Transportation will be served by its own rail network, with specially-designed trains, linking the Sunny Bay Station on the MTR Tung Chung Line with the Disneyland Resort Station by the 3.5-minute-ride Disneyland Resort Line. It will be a thirty-minute train trip from downtown Hong Kong.
Disney invested US$316 million for a 43 percent equity stake in the project. The Hong Kong government will own the remaining 57 percent of the US$1.8 billion project, and expects it to provide 18,400 jobs on opening and up to 35,800 jobs over the following 20 years. The total economic benefits amount to an estimated HK$ 148 billion (US$19 billion), or about six percent of gross domestic product (GDP).
In an effort to avoid cultural friction similar to what happened when Disneyland Resort Paris was new, Disney has taken efforts to make this new park reflect the local culture. The New York Times reports (on April 25, 2005) that Feng shui consultants have helped with the layout of the park and the grounds; incense is burned when the construction of each building is completed; and one of the main ballrooms is 888 square meters large because 8 is considered to be a number of fortune, and the hotels will skip the number four in the numbering of their floors because four is thought of as bad luck. Hong Kong Disneyland employees will speak English, Cantonese, and Mandarin; they have been training at other Disney parks while their home park is being built.

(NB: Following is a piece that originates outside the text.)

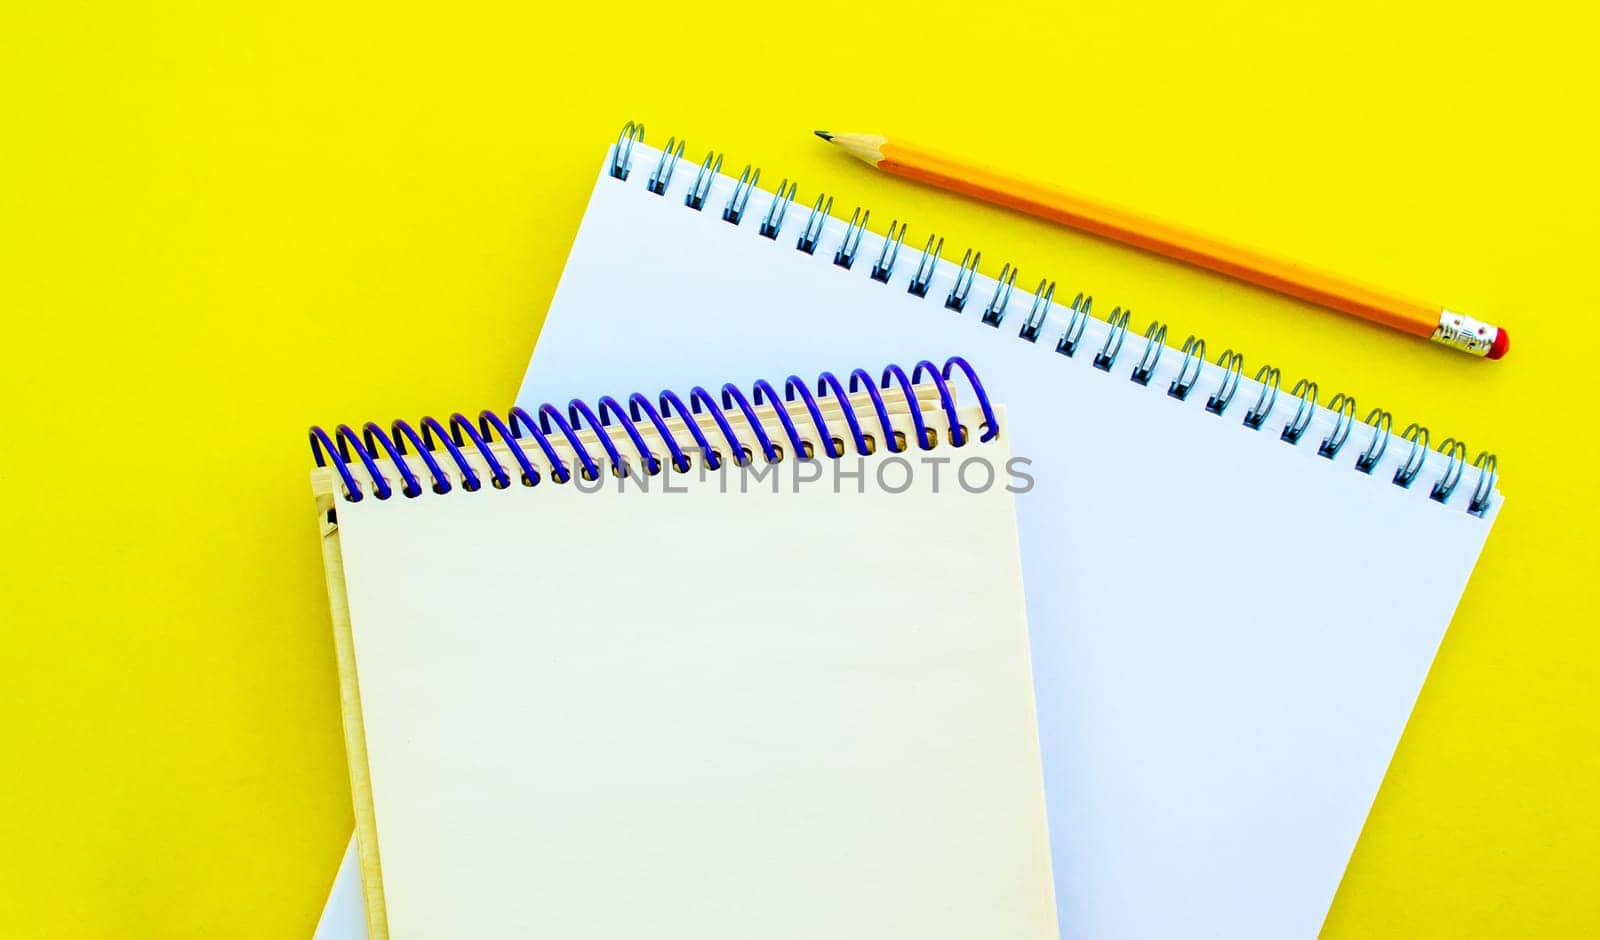 White and beige notepads and a pencil on a yellow background. School white and beige notebooks and a pencil on a yellow background.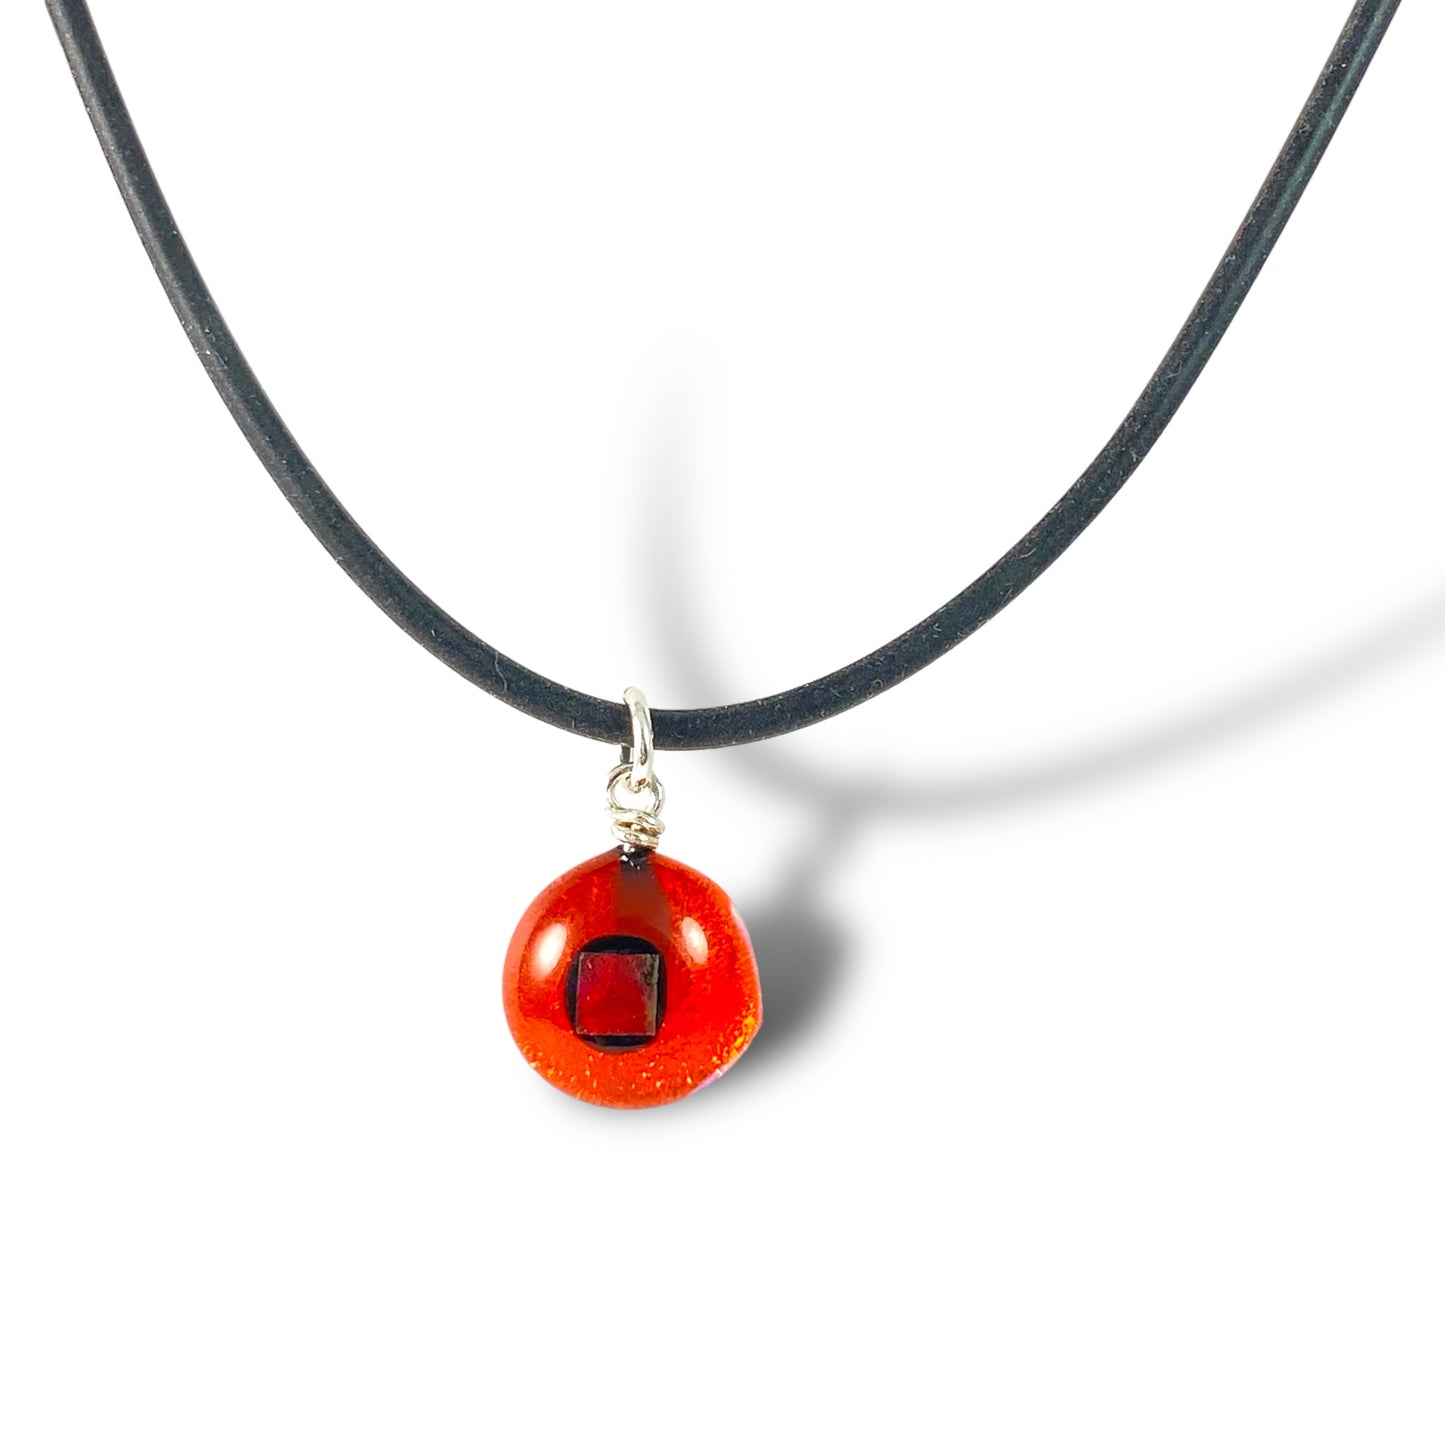 Space Ball Necklace in Tangerine Orange

The park is projected to attract five to six million visitors in its opening year, mostly locals, tourists from mainland China and nearby Asian countries. The World Tourism Organization predicts that Hong Kong Disneyland Resort will become one of the world's largest tourist destinations within the next fifteen years.
The park is being built in two phases, with plenty of room to expand after its opening. Land is available nearby for hotels, a second theme park, and a shopping complex similar to Tokyo Disney Resort's Ikspiari or Disneyland Resort Paris's Disney Village.
On November 18, 2004, the tallest turret of Sleeping Beauty Castle was put into place. The company held a celebration attended by the Tung Chee Hwa, the Chief Executive of Hong Kong, and James Rasulo, the president of Walt Disney Parks and Resorts who is also currently serving as the temporary president of Hong Kong Disneyland Resort.
As of February 2005, the park's major attractions are completed and only themeing is needed on these. Scenery and decorations in the park are still yet to be completed, as are building façades. The gardens are to be laid in late-March.